Flags can be set on the physics engine to activate or deactivate some functionalities, like broad phase collision detection or the drawing of the bounding boxes. The individual demos doesn't do anything more than setting these flags accordingly to the goal of the specific demo and laying out the planes and the particles or cubes for the scene.

I wrote two versions of this engine. The first version was written with an object-oriented approach. A base class was used as a superclass for planes, particles and cubes and forces were also implemented as object with a class hierarchy. The overall idea was to delegate to the single instance the execution of all the integration, drawing and update. Custom made list (with some handy extra methods) were also used extensively to have a cleaner code. In this implementation, the mathematical library "vmath" has been used (and extended to implement the inversion operation on 3x3 matrix, only available on 4x4 matrix).

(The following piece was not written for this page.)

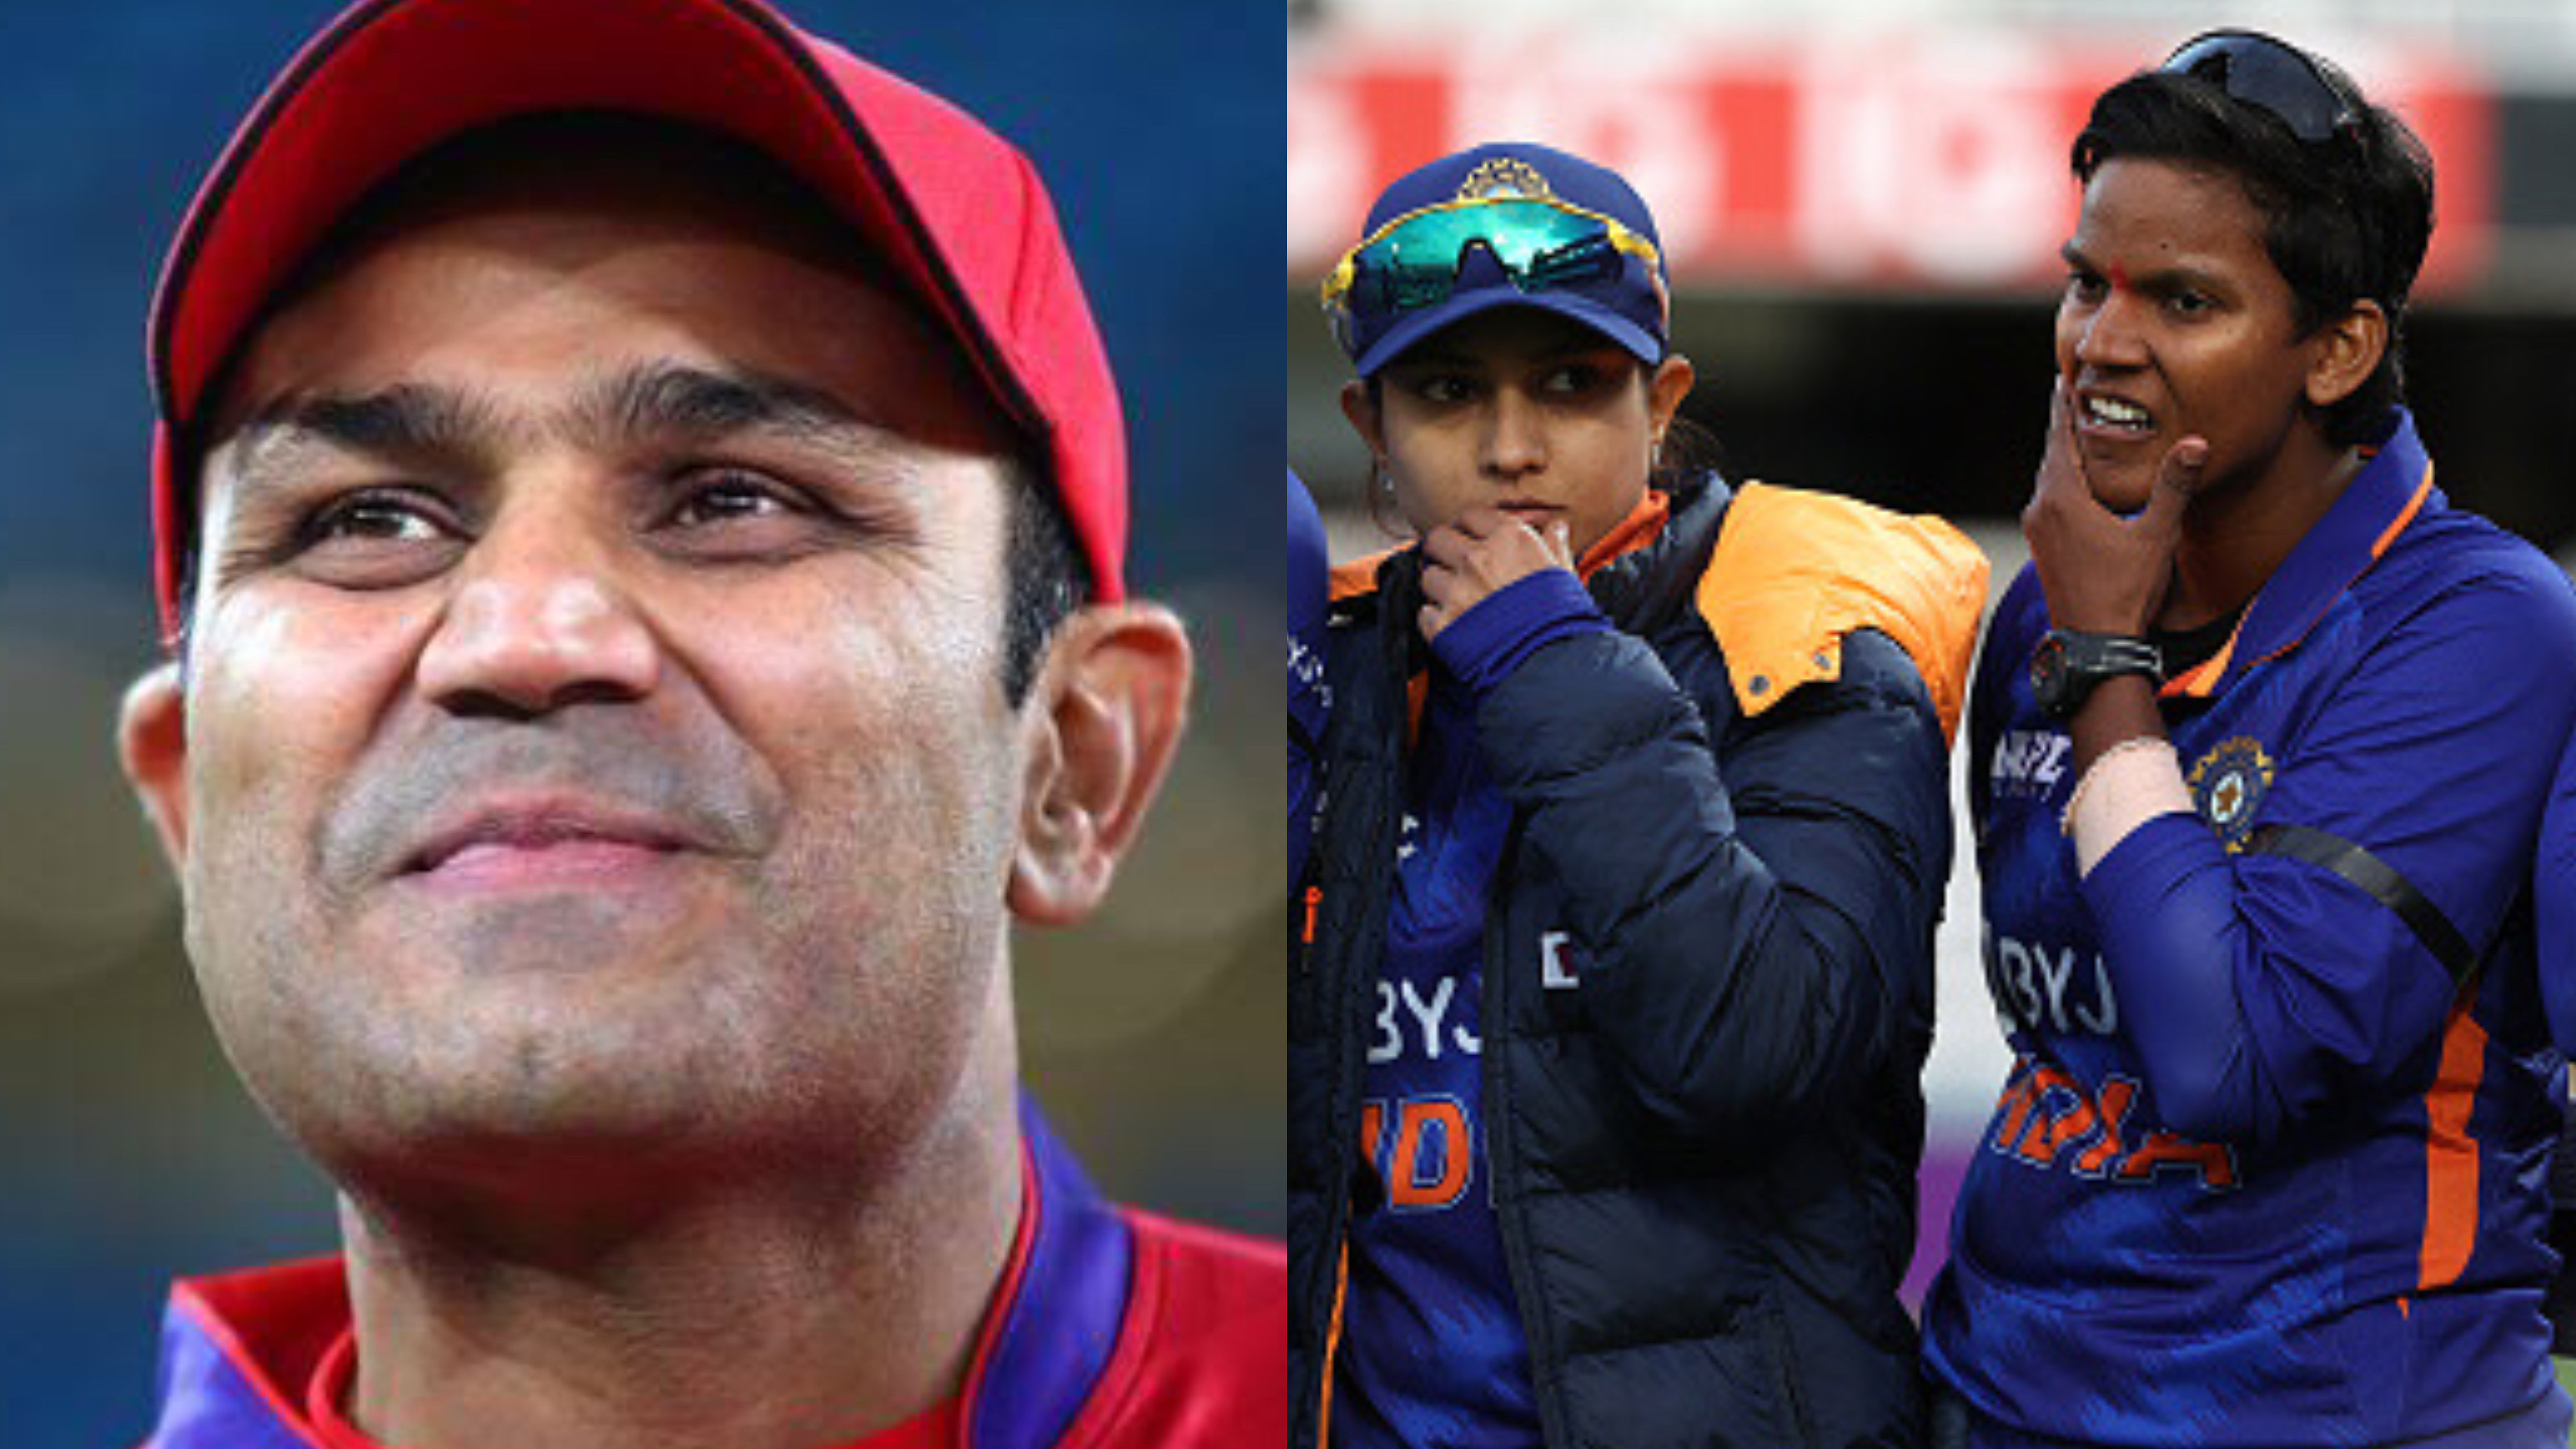 ENGW v INDW 2022: 'Funny to see England guys being poor losers'- Sehwag takes a jibe after Deepti's run out

This design decision led to a good structured code, with a clean class structure, but the performance was not acceptable and there were some glitches with the plane response. In a second phase, the entire engine has been rewritten from scratch with a different approach. The mathematical library used is "WildMagic4". In this second version I decided to go back to a C style approach, with static functions acting on structs and arrays with a fixed size. The code is a bit more convoluted , but the performance have increased, for the particle simulation, by some ten times, and by some three times for the object simulation.

Main features

  • Euler, Midpoint and RK4 integration methods
  • Full 3D body implementation with inertial tensors
  • Particle and rigid body simulation
  • Visualisation of broad-phase (AABB with sweep and prune) body-to-body and narrow-phase body-to-plane collision detection
  • Body-to-plane collision response

Bsc Dissertation

This BSc dissertation project for University of Pisa implements a webpage speech synthesizer with voice command recognition, for visually impaired users. Created in collaboration with CNR/Italian W3C Office (Dr. Oreste Signore) and DotVocal, the academic supervisor was Dr. Roberto Bruni from the University of Pisa.

The project is composed of a Firefox plugin and a C++/Java local service. The service provides speech synthetis and voice recognition features, while the Firefox plugin is responsible for retrieving and parsing web pages and providing visual hints during the speech synthesis.